On the philanthropy front, besides several generous personal donations to clear debts of farmers, for the uplift of young girls, and police welfare, etc., he founded the Harivansh Rai Bachchan Memorial Trust, named after his father, in 2013, which has worked with Urja Foundation to power 3,000 homes in India with electricity through solar energy. A UNICEF goodwill ambassador for the polio eradication campaign in India in 2002 and an international ambassador in 2005, he was also a WHO goodwill ambassador for awareness of hepatitis in 2017. The face of the 'Save Our Tigers' campaign, he has also promoted TeachAids software, an international HIV/AIDS prevention education tool, the Swachh Bharat Mission (SBM), and public health messages.

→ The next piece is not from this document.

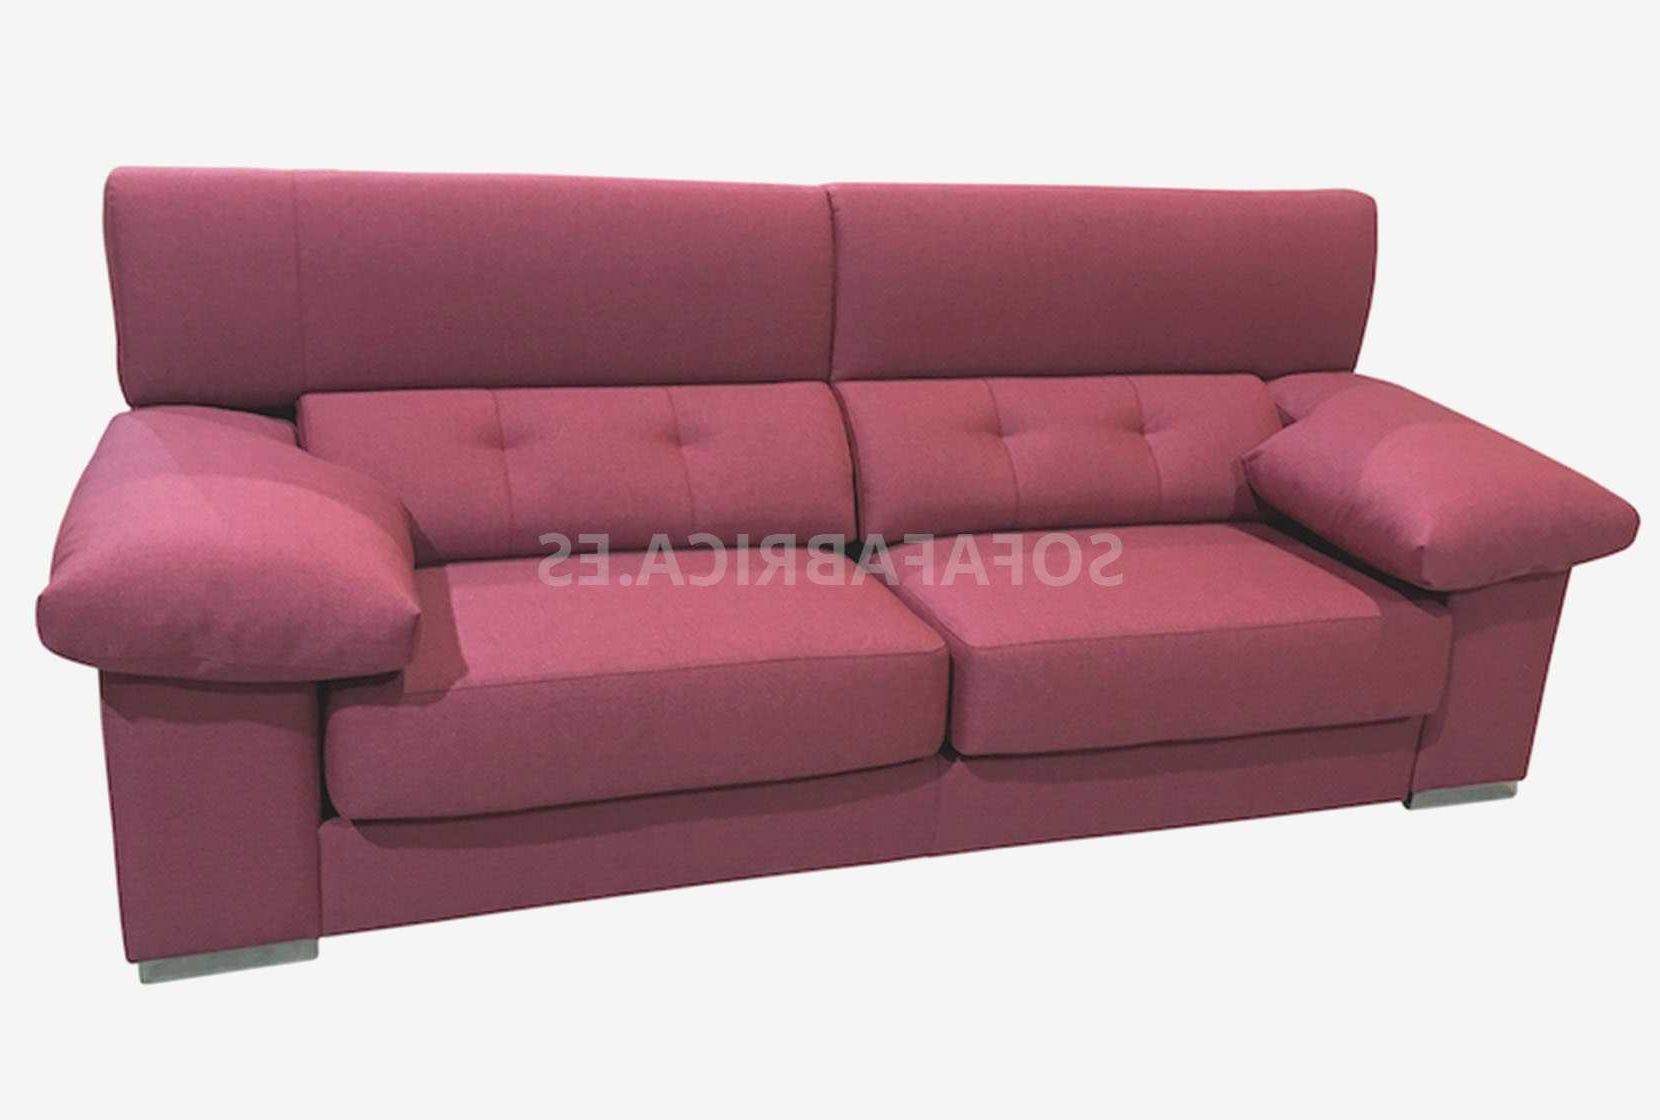 Sillon Cama 1 Plaza Merkamueble Irdz Merkamueble sofas Cama 60 Creaciones Sillon Cama 1 Plaza Merkamueble

Married to actress and politician Jaya Bhaduri since 3 June 1973, the couple has two children; Shweta Bachchan, an author and journalist, and Abhishek Bachchan, an actor and producer. His grandson Agastya recently made his film debut. 

In 2008, he started a personal blog, sharing glimpses into his personal and professional life; he has rarely missed an entry since. 

And yes, the crowds continue to turn up every Sunday to seek his darshan outside his Juhu residence. Clearly, Amitabh Bachchan has never given them reason to stay away.